The neural net setup I had in mind was based on the assumption that I’d have my own, local, data sources (sensors). But hardware is still on hold until I find some funds. So I’ve been re-evaluating how best to use existing online data.

Now I am pleased with the idea of taking the VLF radio data as spectrograms and treating them (conceptually) as images, so I can exploit existing Deep Learning setups. If I’m not getting the seismic data as time series from a local sensor(s) but from INGV, I can use the same trick. They have a nice straightforward Web Service offering Open Data as QuakeML (XML) over HTTP from URL queries. They also render it like this:

seismo-map

So I’m thinking of taking the magnitude & depth data from the web service and placing it in a grid (say 256×256) derived from the geo coordinates. To handle the time aspect, for each cell in the grid I reckon picking the max magnitude event over each 6 (?) hour window. And then (conceptually) treating this as a pixel map. I need to read up a little more, but this looks again like something that might well yield to convnets, constructed very like the radio data input.

PS.

I made a little start on coding this up. First thing was to decide what area I wanted to monitor. Key considerations were: it must include here (self-preservation!); it must cover a fair distance around the VLF data monitoring station who’s data I’m going to use (Renato Romero’s, here); it should include the main seismically active regions likely to impact those two places.

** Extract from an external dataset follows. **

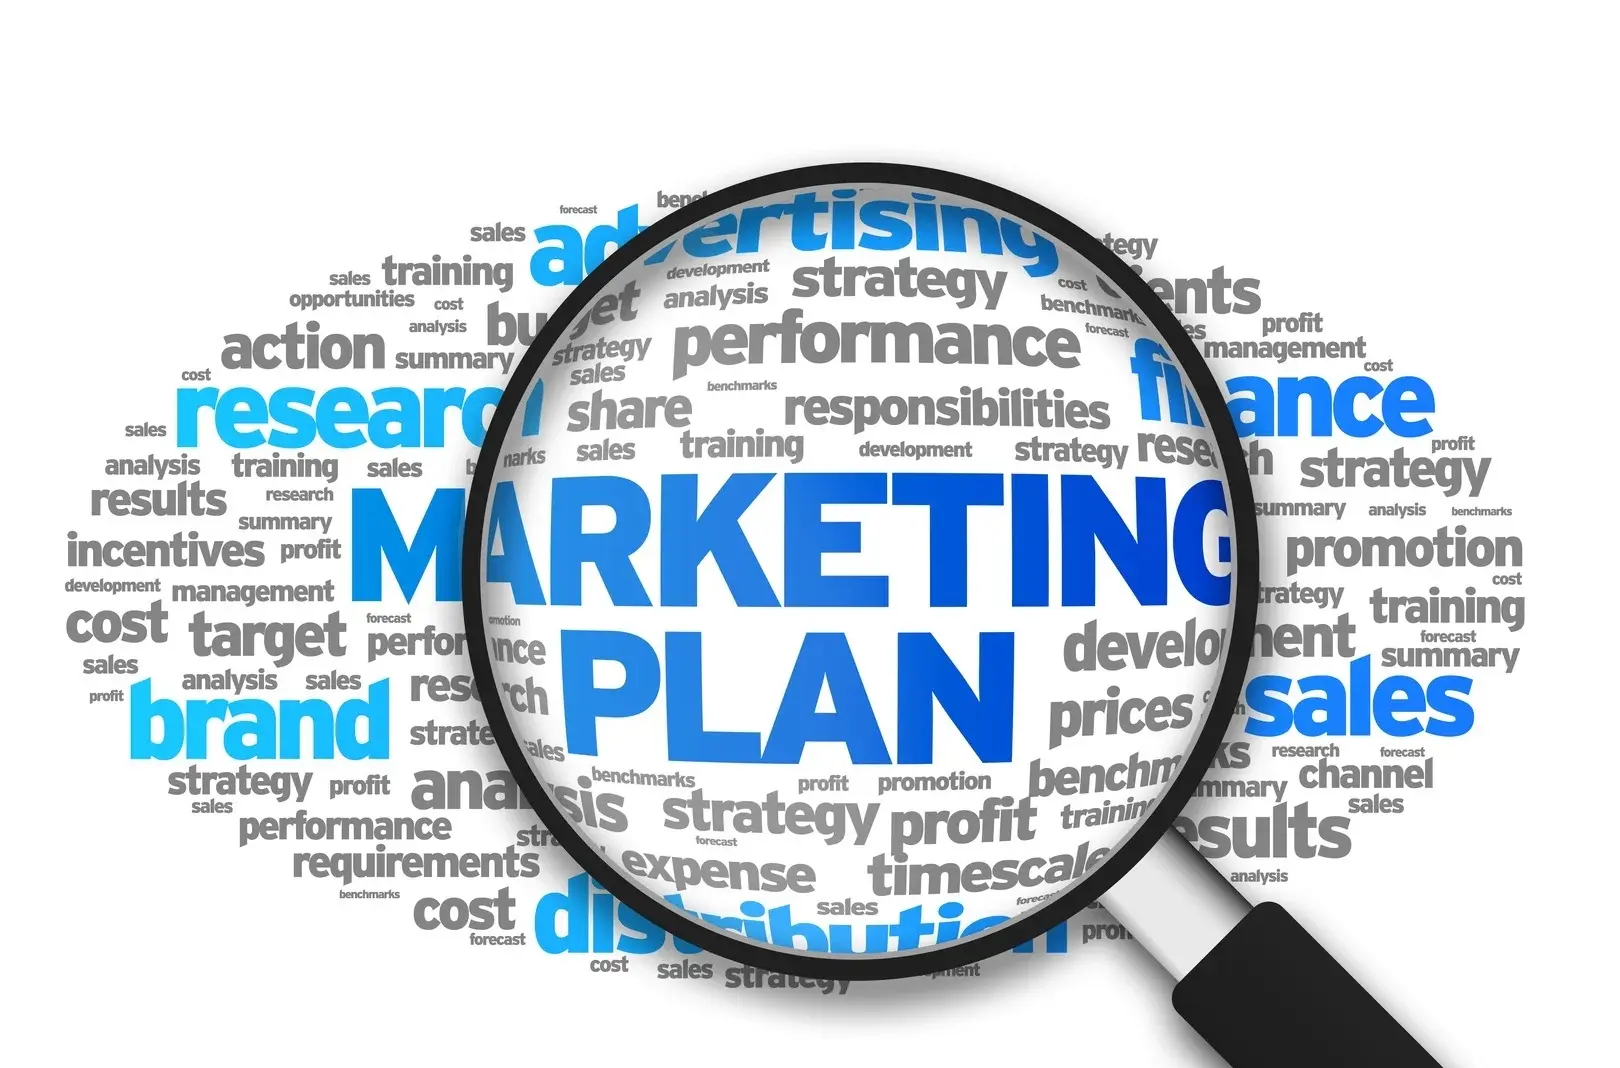 What is e marketing plan

You can get an idea of the active regions from the map above, here’s another one showing estimated risk:

hotspots

In one of the papers I’ve read that the radio precursors are only really significant for a 100km or so (to be confirmed), so I’ve chosen the area between the 4 outer markers here:

area

This corresponds to latitude 40N-47N, longitude 7E-15E.

The marker middle-left is the VLF station, the one in the middle is where I live.

It looked like the kind of thing where I could easily get my lats & longs mixed up so I coded up the little map using Google Maps, was very easy, source – rendered it on JSFiddle.

Next I need to get the code together to make the services requests, filter & aggregate the seismic event data is some convenient for ready for network training.